The Giants played awful, sloppy football against an inferior team. Dallas deserves some credit for overcoming a ton of hurdles, but the Giants served the W to them on a silver platter. The Giants should have won this game, and given their tough schedule coming up, I’m wondering how large this bad loss is going to loom.

The Jorge Posada Conundrum

If you didn’t already hear, Jorge Posada is supposed to have surgery to repair a torn meniscus in his left knee today. I don’t have any idea what that means or how serious, but it sounds like he’ll be ready for the start of Spring Training, but not matter how you look at this, it’s not great news.

As painful as it may be for Yankees fans (and surely to the player himself), Jorge Posada is near the end of his career, if 2011 isn’t his last season. In the 2010 season, Posada was able to make only 78 starts as the catcher and batted .248 with 18 homers. I think most folks would agree that at this point in his career, Posada’s value to the Yankees is with his bat, and as the catcher, he not only hinders the team defensively, but he’s wearing himself down and reducing his offensive production.

Given that the Yankees don’t have a regular DH next year, I think the most reasonable answer is for Posada to get the majority of the starts there while also sharing time at DH with Alex Rodriguez and some of the other older players on the team. This plan isn’t perfect: while the DH is a great spot to stash big bats like Posada and A-Rod, playing Posada at the DH position means the Yankees will need to carry three catchers.

Carrying three catchers isn’t the end of the world, but it’s not the most ideal use of a roster spot. What I am proposing gives occasional starts at catcher to Posada, leaves Francisco Cervelli as the backup catcher and brings Jesus Montero up to the big leagues to do the majority of the catching. There is plenty of risk here: Montero has little experience as a catcher and Cervelli was over exposed last season and at times didn’t perform well defensively, which is something that I think we all expect as a given from a backup catcher.

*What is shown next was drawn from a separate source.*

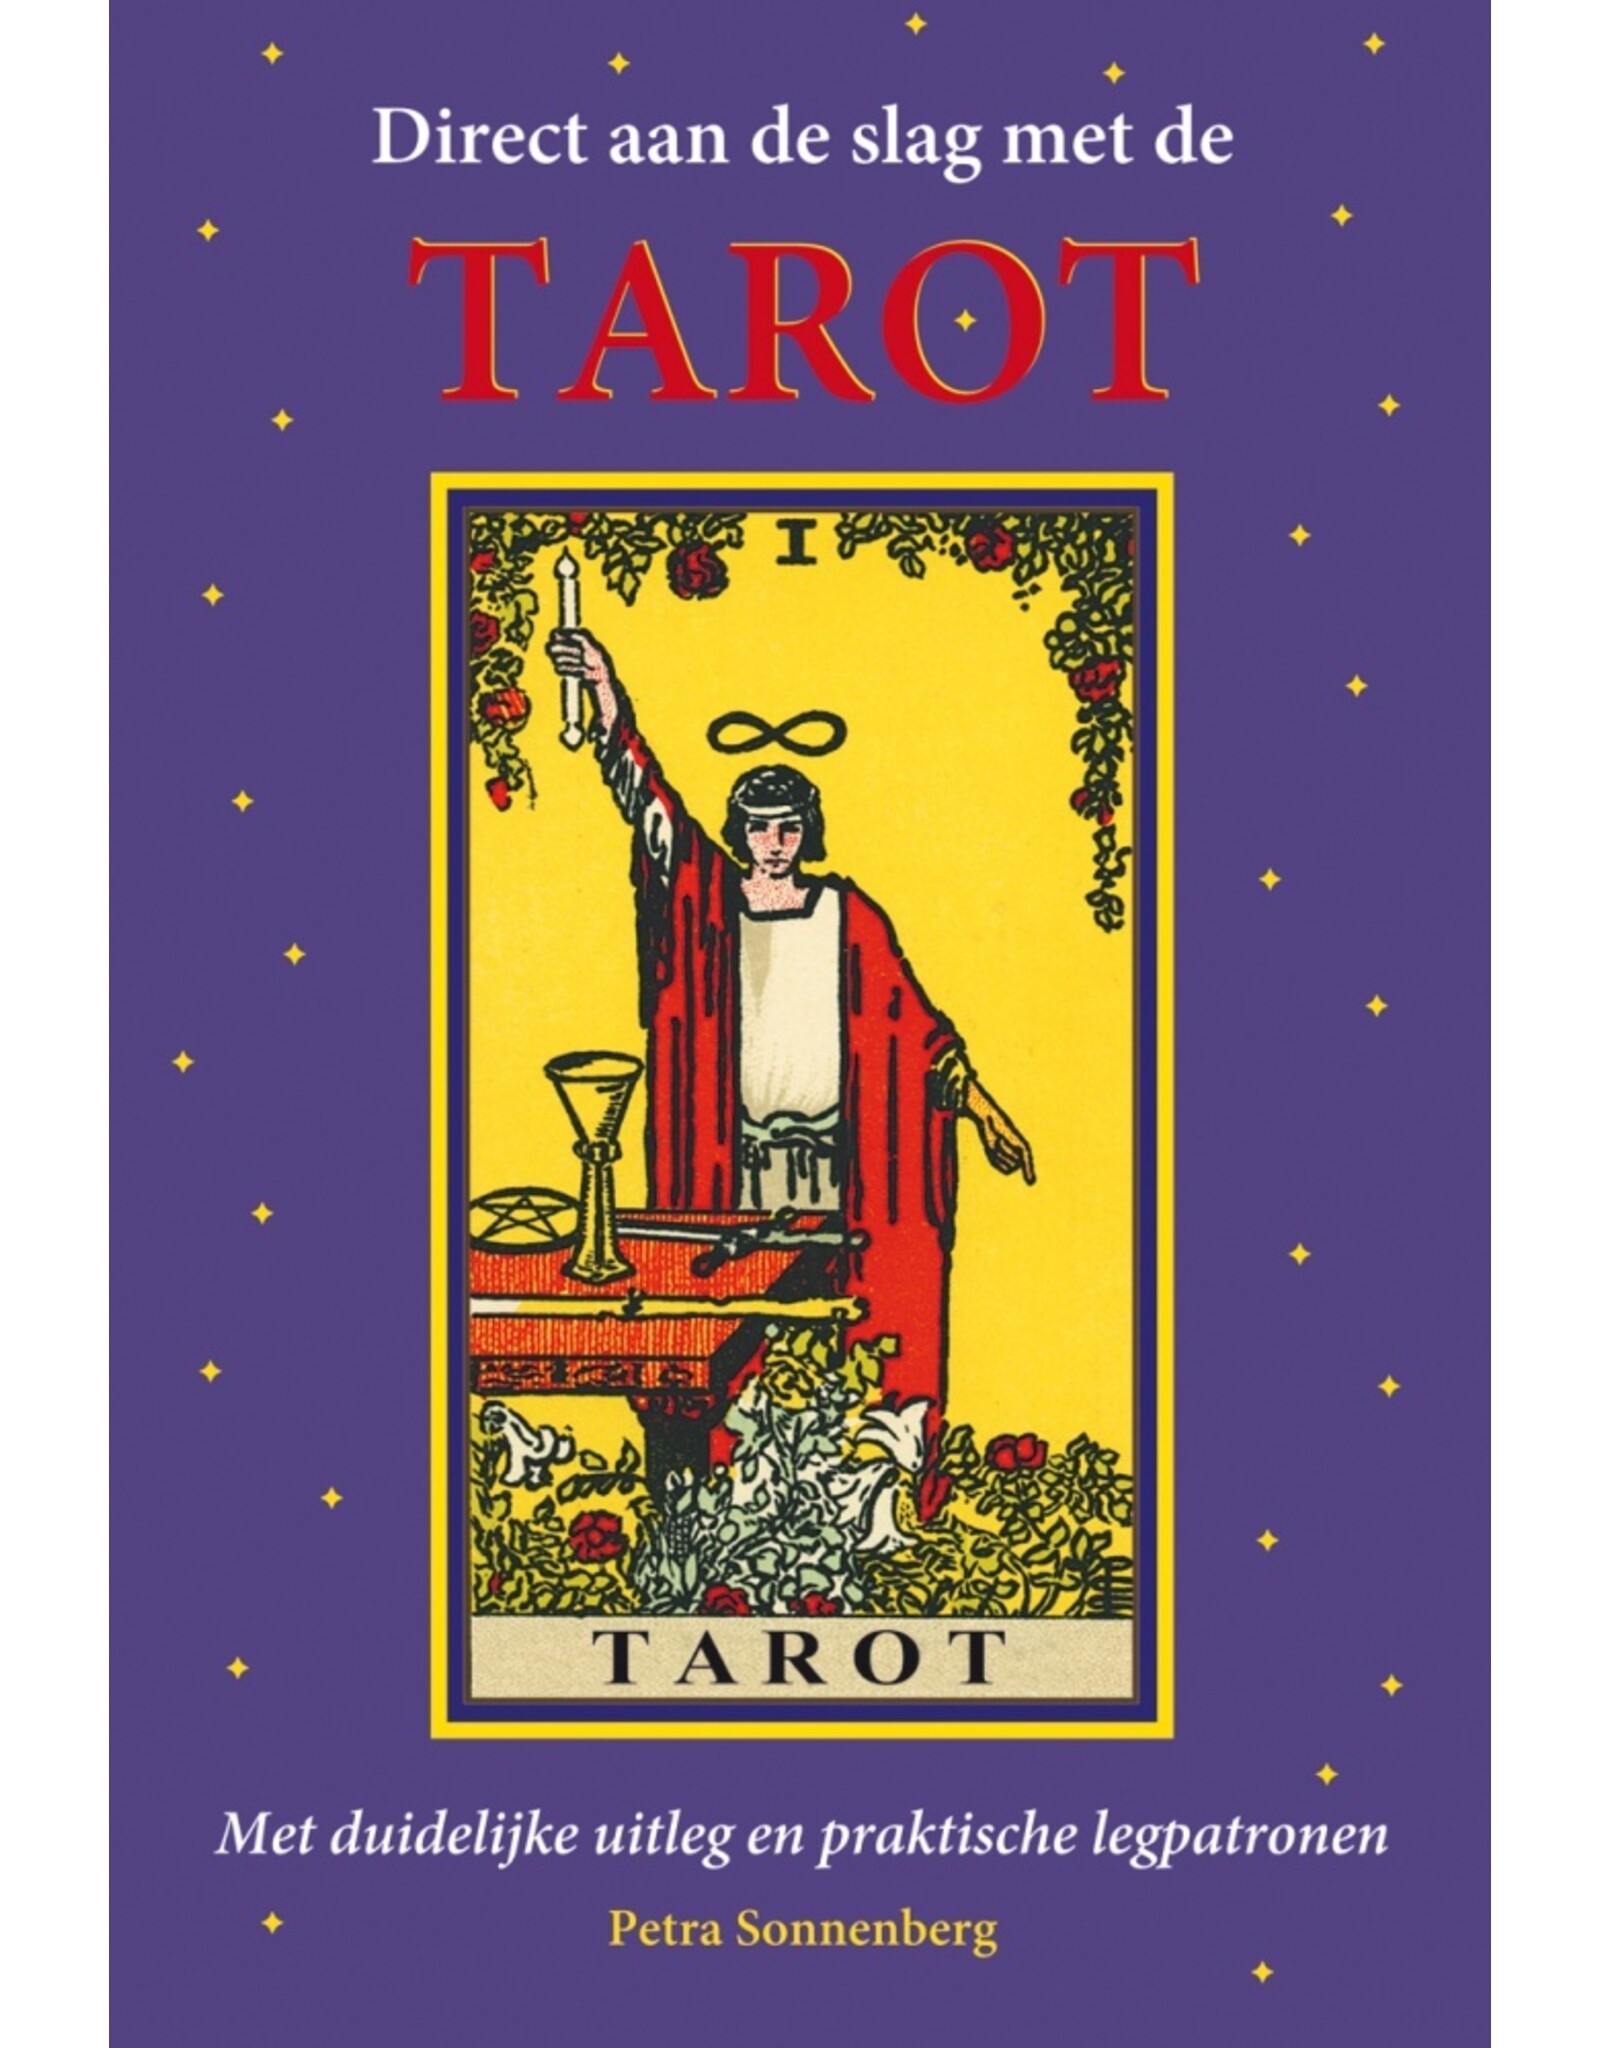 Tarot uitleg boek direct aan de slag

I think this is the best solution for 2011. Alternatively, the Yankees may end up running Posada out there until he breaks – and he will get injured at some point, even with regular rest. But I think the 2011 season is the end of Posada’s career, no matter where he plays.

NOTES ON DEREK JETER WINNING THE GOLD GLOVE
ESPN and everybody else on the planet is balking a bit at Derek Jeter’s 2010 Gold Glove.

But modern fielding charts and rankings consistently put Jeter in the bottom half of their ratings. Two websites that study glovework — Fangraphs.com with its Ultimate Zone Rating and Fieldingbible.com — listed Chicago’s Alexei Ramirez as the top-fielding AL shortstop with Jeter nowhere close to even middle-of-the-pack status.

As soon as you use UZR in your argument against Jeter’s fielding, you lose me. UZR doesn’t use adequate sample sizes and compares the player to the other players rather than comparing the player to his past performance, meaning projected UZRs are, in a word, garbage – case in point, Mark Teixeira had a negative UZR the last time I looked, and Teix is an amazing 1st baseman.. I seriously doubt Jeter is the best SS in the American League; I would say Jeter is on the plus side of average, but there are some plays he is capable of that most short stops are not capable of, particularly putting his back to home plate and running into the outfield to catch fly balls. Bottom line, I think gold gloves are won by reputation – I dont think anybody sits down and looks at film or stats before they vote.

Anyway, congrats to Jeter, Teixeira and Robbie Cano on winning winning their Gold Gloves!